- Data
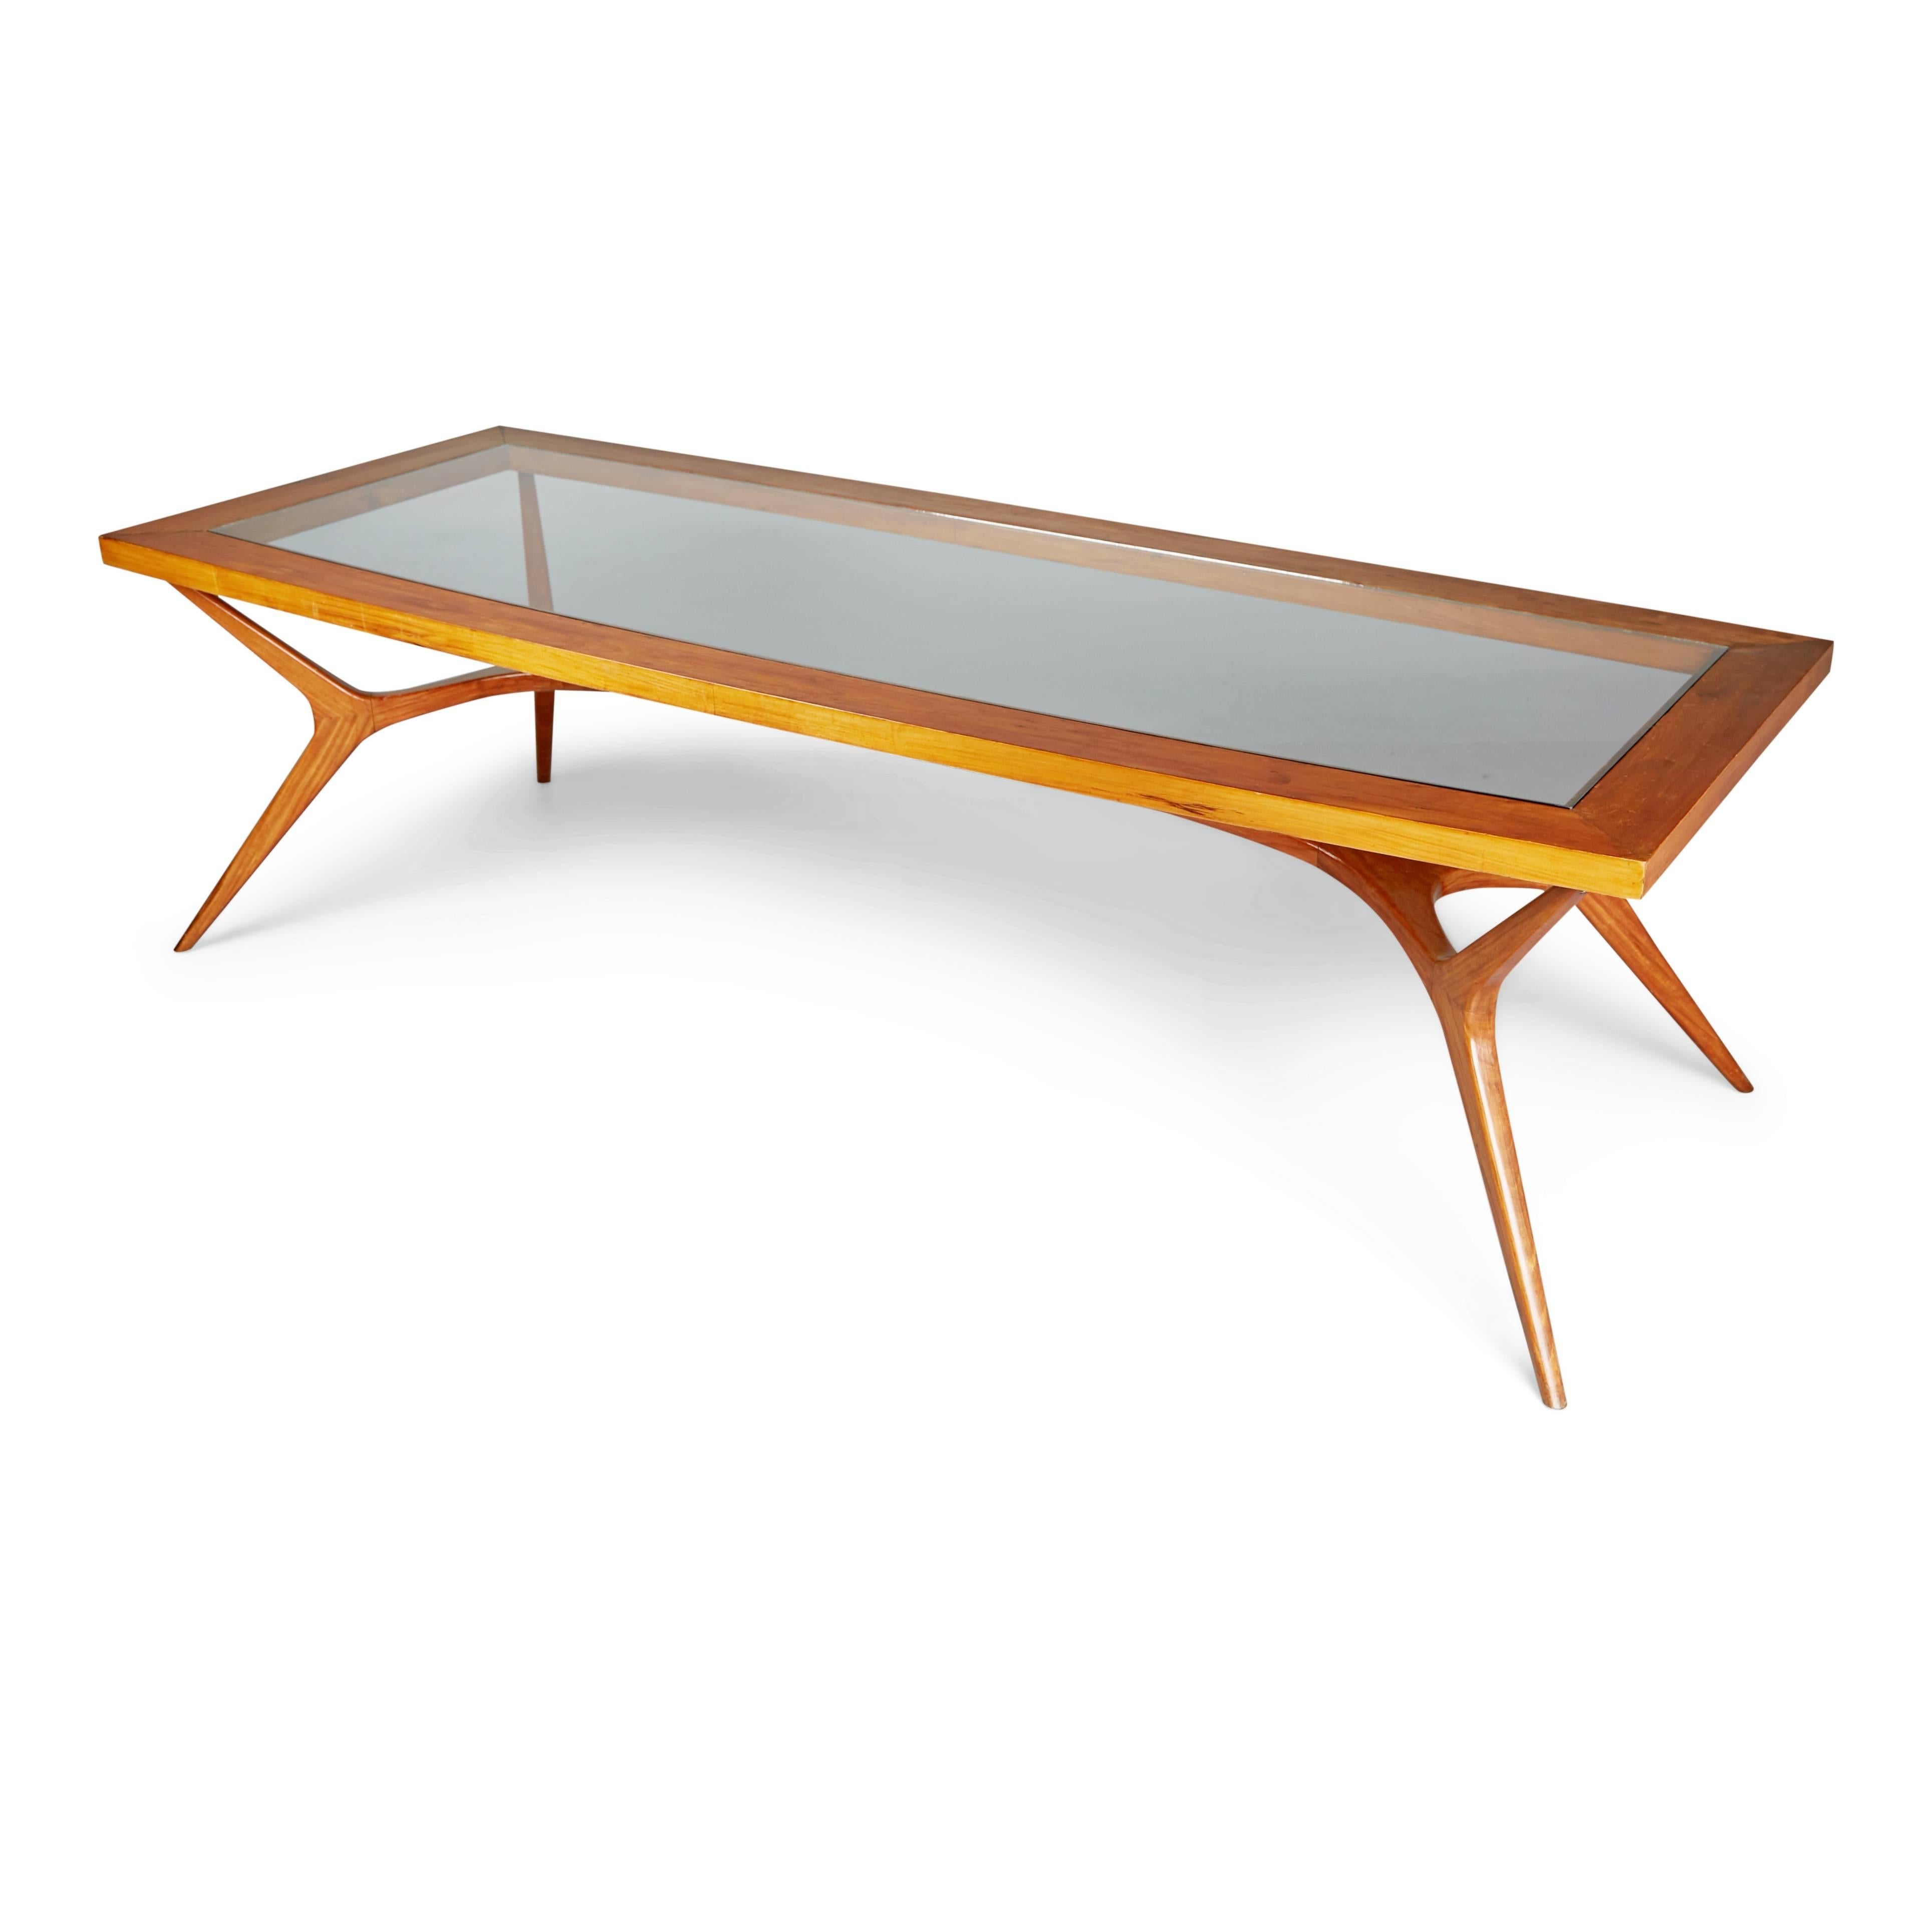 Mid-20th Century Sculptural Dining Table by Giuseppe Scapinelli, Rare Large Version, Brazil 1950s
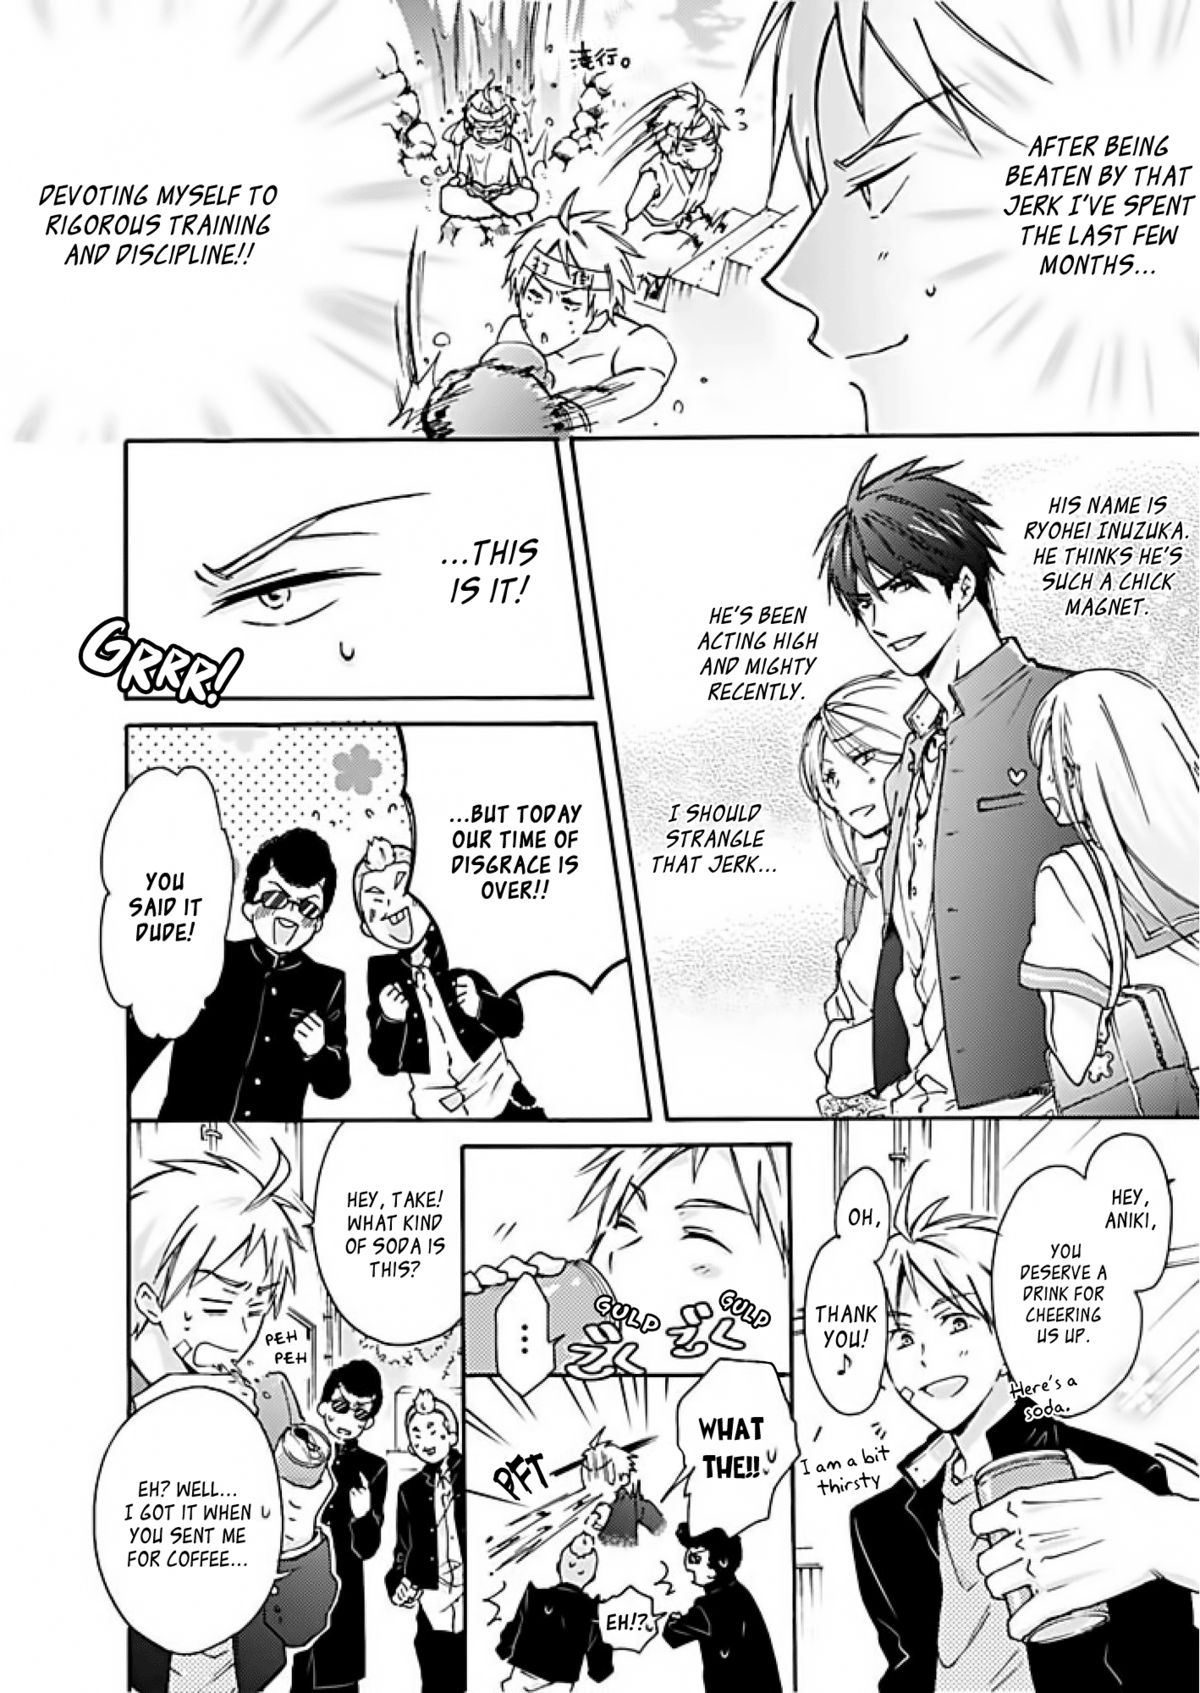 [Takao Yori] Genderbender Yankee School ☆ They're Trying to Take My First Time. [English] page 3 full
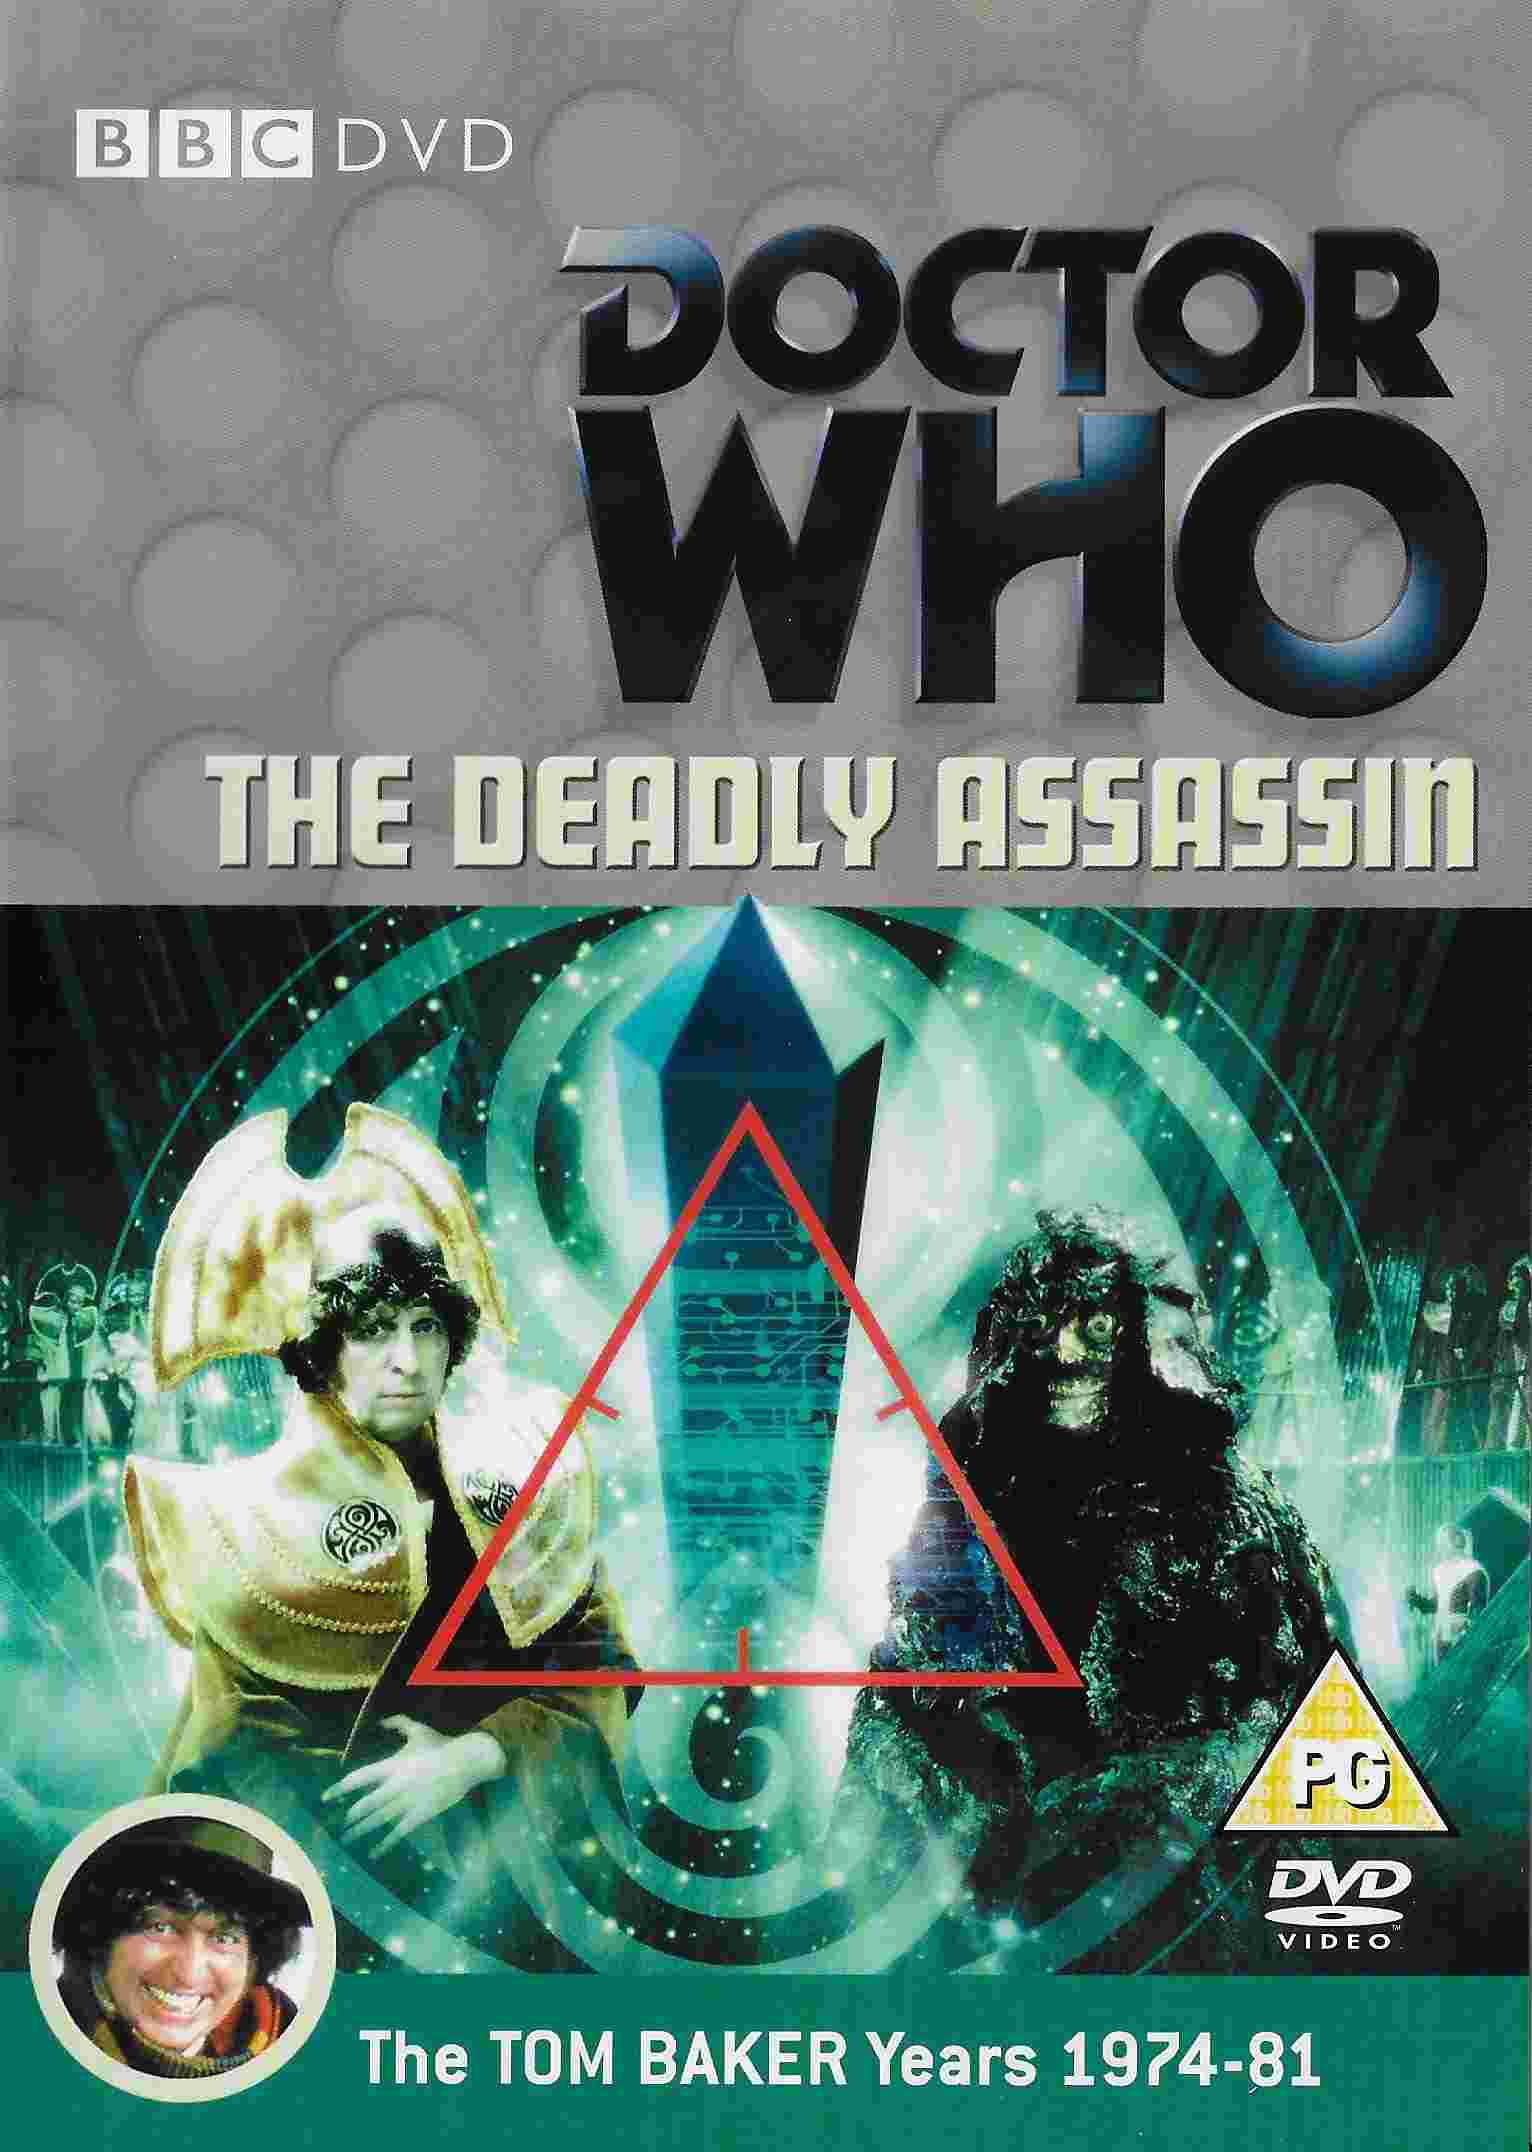 Picture of BBCDVD 2430 Doctor Who - The deadly assassin by artist Robert Holmes from the BBC dvds - Records and Tapes library

- Try it
Print the lines from the one that contains "[Takao Yori] Genderbender" through the last line of the data, exactly and in full, and no other lines. Pictures are not part of the copy.

- Task result
 [Takao Yori] Genderbender Yankee School ☆ They're Trying to Take My First Time. [English] page 3 full
 Picture of BBCDVD 2430 Doctor Who - The deadly assassin by artist Robert Holmes from the BBC dvds - Records and Tapes library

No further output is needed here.